By analyzing existing cross correlation between Ziff Davis and Baosheng Media Group, you can compare the effects of market volatilities on Ziff Davis and Baosheng Media and check how they will diversify away market risk if combined in the same portfolio for a given time horizon. You can also utilize pair trading strategies of matching a long position in Ziff Davis with a short position of Baosheng Media. Check out your portfolio center. Please also check ongoing floating volatility patterns of Ziff Davis and Baosheng Media.

Diversification Opportunities for Ziff Davis and Baosheng Media

0.56
  Correlation Coefficient

Very weak diversification

The 3 months correlation between Ziff and Baosheng is 0.56. Overlapping area represents the amount of risk that can be diversified away by holding Ziff Davis and Baosheng Media Group in the same portfolio, assuming nothing else is changed. The correlation between historical prices or returns on Baosheng Media Group and Ziff Davis is a relative statistical measure of the degree to which these equity instruments tend to move together. The correlation coefficient measures the extent to which returns on Ziff Davis are associated (or correlated) with Baosheng Media. Values of the correlation coefficient range from -1 to +1, where. The correlation of zero (0) is possible when the price movement of Baosheng Media Group has no effect on the direction of Ziff Davis i.e., Ziff Davis and Baosheng Media go up and down completely randomly.

Pair Corralation between Ziff Davis and Baosheng Media

Allowing for the 90-day total investment horizon Ziff Davis is expected to under-perform the Baosheng Media. But the stock apears to be less risky and, when comparing its historical volatility, Ziff Davis is 4.05 times less risky than Baosheng Media. The stock trades about -0.19 of its potential returns per unit of risk. The Baosheng Media Group is currently generating about -0.02 of returns per unit of risk over similar time horizon. If you would invest  348.00  in Baosheng Media Group on December 28, 2024 and sell it today you would lose (106.00) from holding Baosheng Media Group or give up 30.46% of portfolio value over 90 days.
Time Period3 Months [change]
DirectionMoves Together 
StrengthWeak
Accuracy100.0%
ValuesDaily Returns

Ziff Davis  vs.  Baosheng Media Group

 Performance 
       Timeline  
Ziff Davis 

Risk-Adjusted Performance

Very Weak

 
Weak
 
Strong
Over the last 90 days Ziff Davis has generated negative risk-adjusted returns adding no value to investors with long positions. In spite of fragile performance in the last few months, the Stock's fundamental indicators remain rather sound which may send shares a bit higher in April 2025. The latest tumult may also be a sign of longer-term up-swing for the firm shareholders.
Baosheng Media Group 

Risk-Adjusted Performance

Very Weak

 
Weak
 
Strong
Over the last 90 days Baosheng Media Group has generated negative risk-adjusted returns adding no value to investors with long positions. In spite of latest conflicting performance, the Stock's basic indicators remain stable and the newest uproar on Wall Street may also be a sign of mid-term gains for the firm private investors.

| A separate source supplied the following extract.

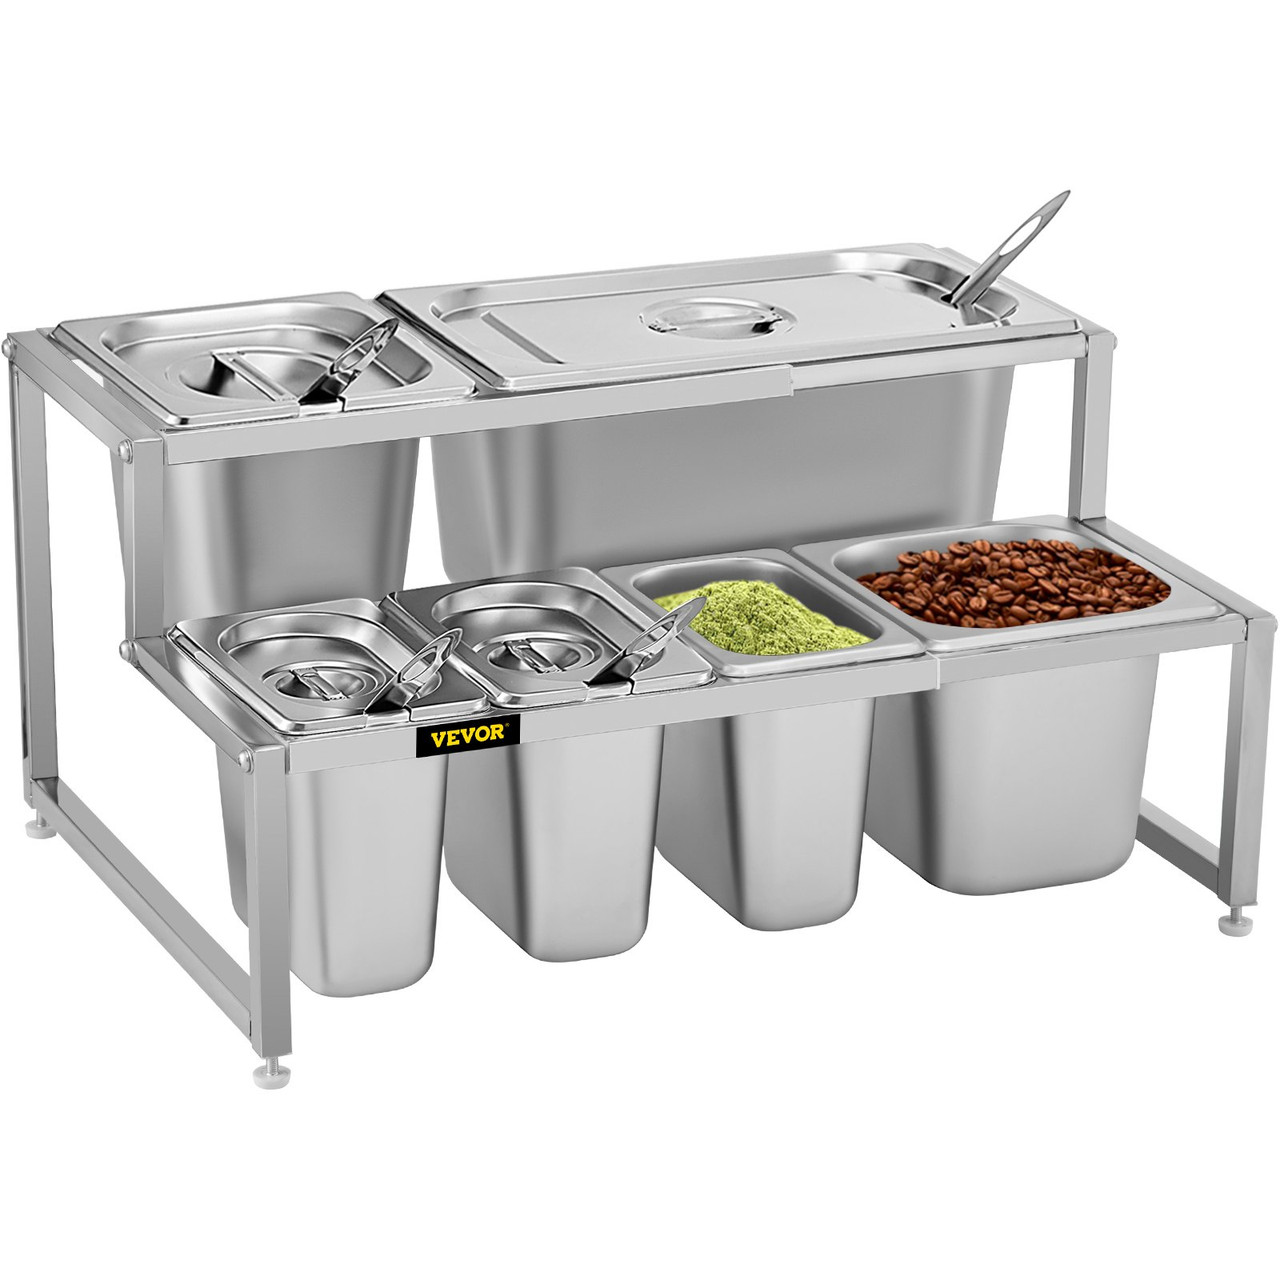 Expandable Spice Rack, 13.8"-23.6" Adjustable, 2-Tier Stainless Steel Organizer Shelf with 3 1/9 Pans 2 1/6 Pans 1 1/3 Pan 6 Ladles, Countertop Inclined Holder for Sauce Ingredients Fruits

Ziff Davis and Baosheng Media Volatility Contrast

   Predicted Return Density   
       Returns  

Pair Trading with Ziff Davis and Baosheng Media

The main advantage of trading using opposite Ziff Davis and Baosheng Media positions is that it hedges away some unsystematic risk. Because of two separate transactions, even if Ziff Davis position performs unexpectedly, Baosheng Media can make up some of the losses. Pair trading also minimizes risk from directional movements in the market. For example, if an entire industry or sector drops because of unexpected headlines, the short position in Baosheng Media will offset losses from the drop in Baosheng Media's long position.
The idea behind Ziff Davis and Baosheng Media Group pairs trading is to make the combined position market-neutral, meaning the overall market's direction will not affect its win or loss (or potential downside or upside). This can be achieved by designing a pairs trade with two highly correlated stocks or equities that operate in a similar space or sector, making it possible to obtain profits through simple and relatively low-risk investment.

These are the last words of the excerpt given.